Association for Low Countries Studies, 11th Biennial Conference
29 June – 1 July 2016
Ardmore House
University College Dublin
Narration and story telling emerges as a new turn within the academy. Scholars increasingly question their position as observers or spectators and are not afraid to move towards a more engaged position. Ownership of the narrative is a central focus and concern.

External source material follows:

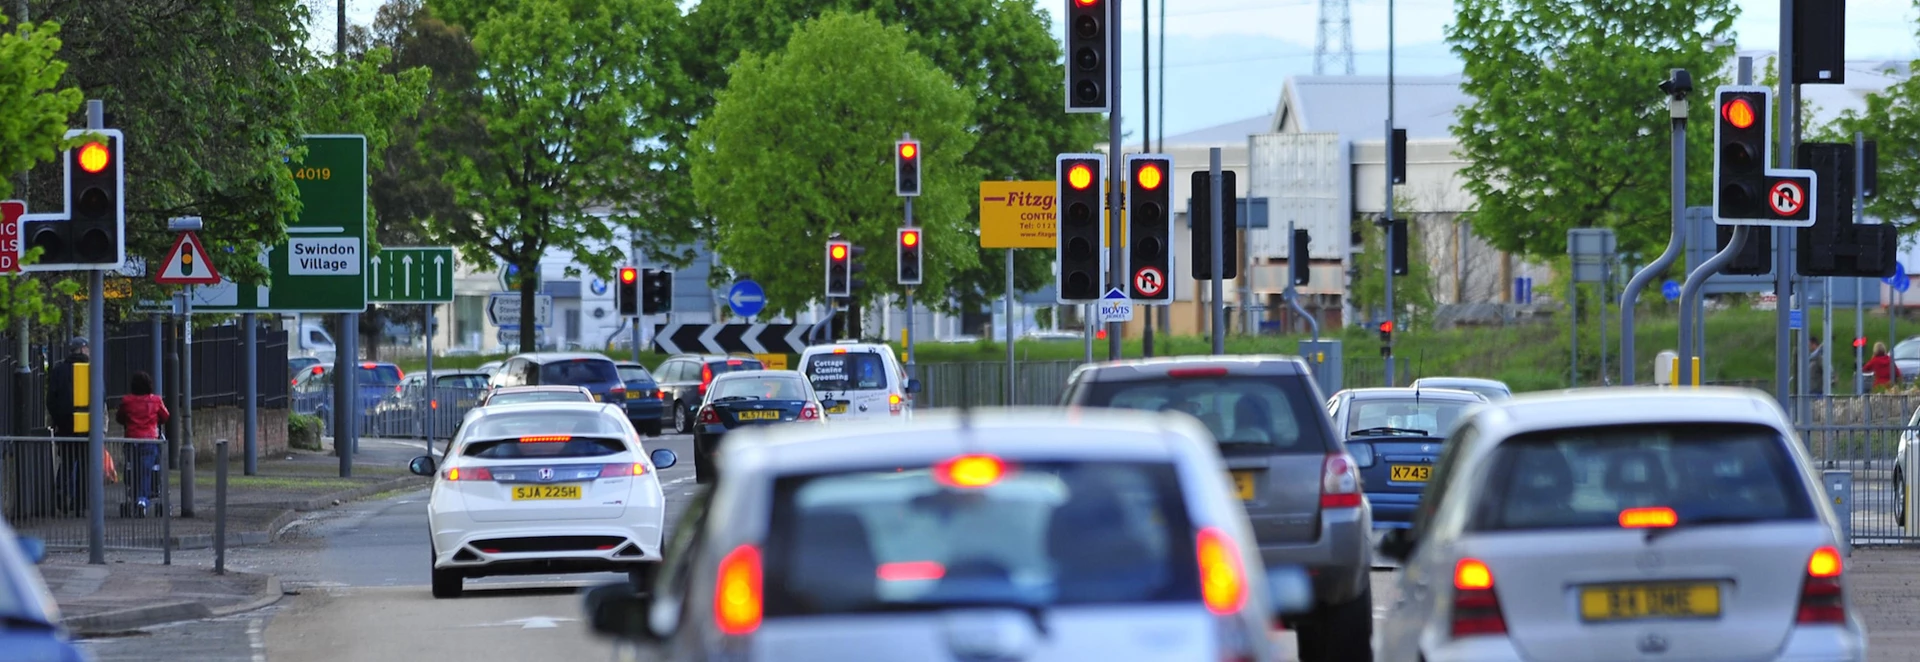 Volkswagen working towards making junctions safer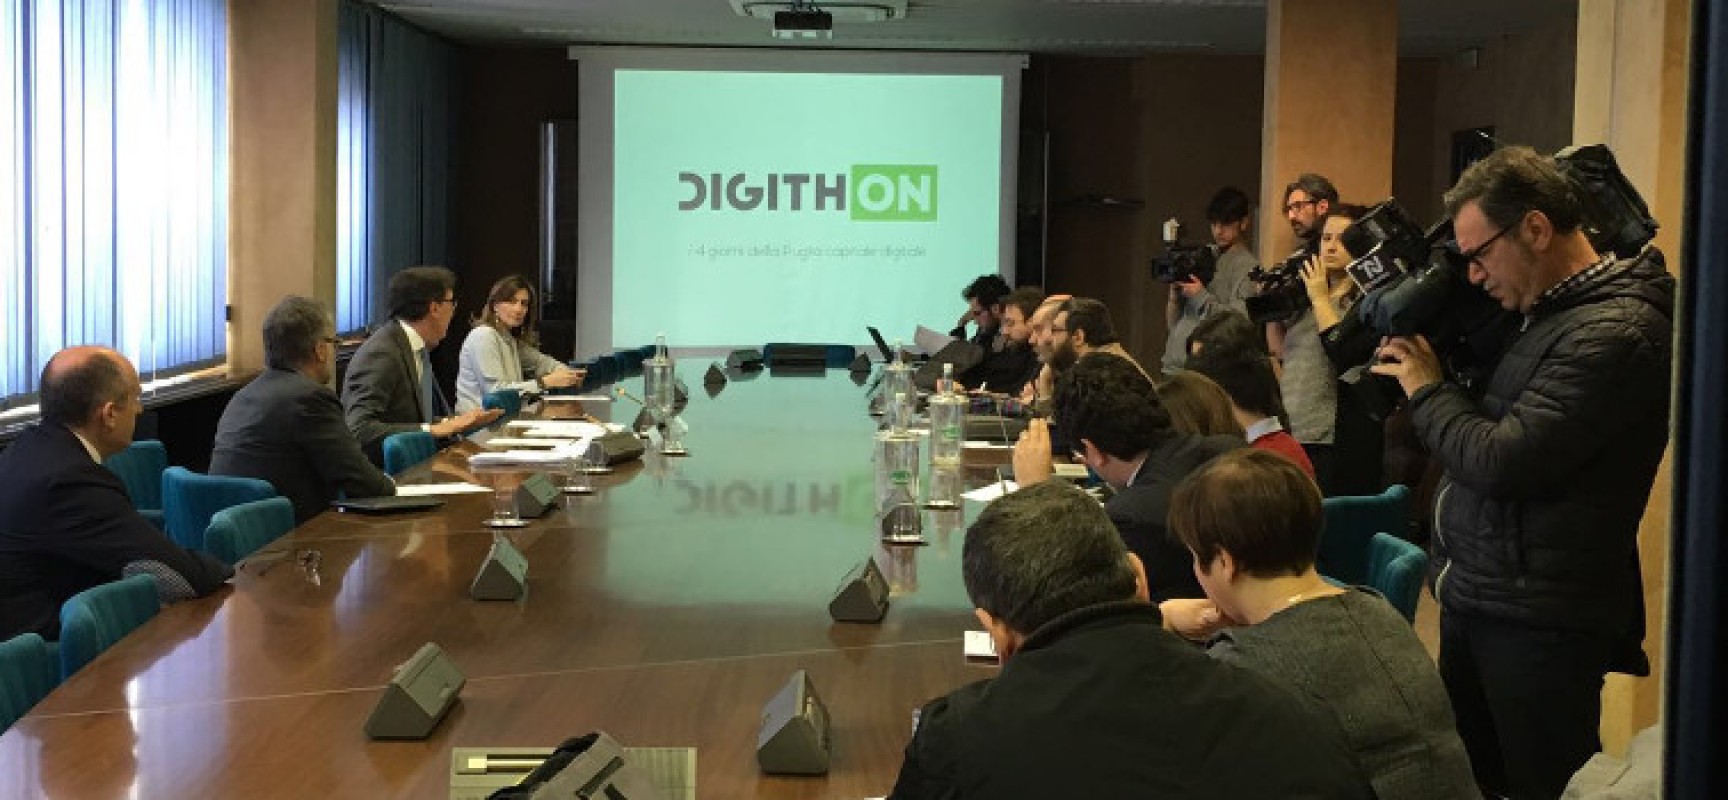 DigithON, il primo Hackathon italiano fa tappa anche a Bisceglie con numerosi ospiti illustri

For the 11th ALCS Biennial Conference in 2016 – the centenary year of the Easter Rising in Ireland – we want to examine the narrative of change. How is change represented and narrated and how do these narratives change over time? All this in a Low Countries or comparative context and along and across broad cultural, linguistic and historical lines.
Topics may include:
- Narrating change of cultural practices and dissenting voices
- Narration of social change and the imaginative
- Narrating change and changing narrative in literature and the arts
- Changing relationships between text and image in the pictorial arts
- Changing linguistic norms and status of language varieties
- Translation as a process of change and transformation
- Narrating change emerging from studies of lexis, semantics, pragmatics and syntax
We invite both individual contributions (20-minute presentations which will be followed by 10 minutes of discussion) and proposals for fully constituted panels. Panel conveners are invited to suggest a 90-minutes themed panel of three speakers. We specifically invite postgraduate students and a number of full bursaries are available. The primary criterion for selection will be the quality of the proposal, not its strict connection to the conference theme.
The keynote speakers will be announced in January 2016.
Please submit your proposal in the form of a 300-word abstract by 28 February 2016 to our Conference System.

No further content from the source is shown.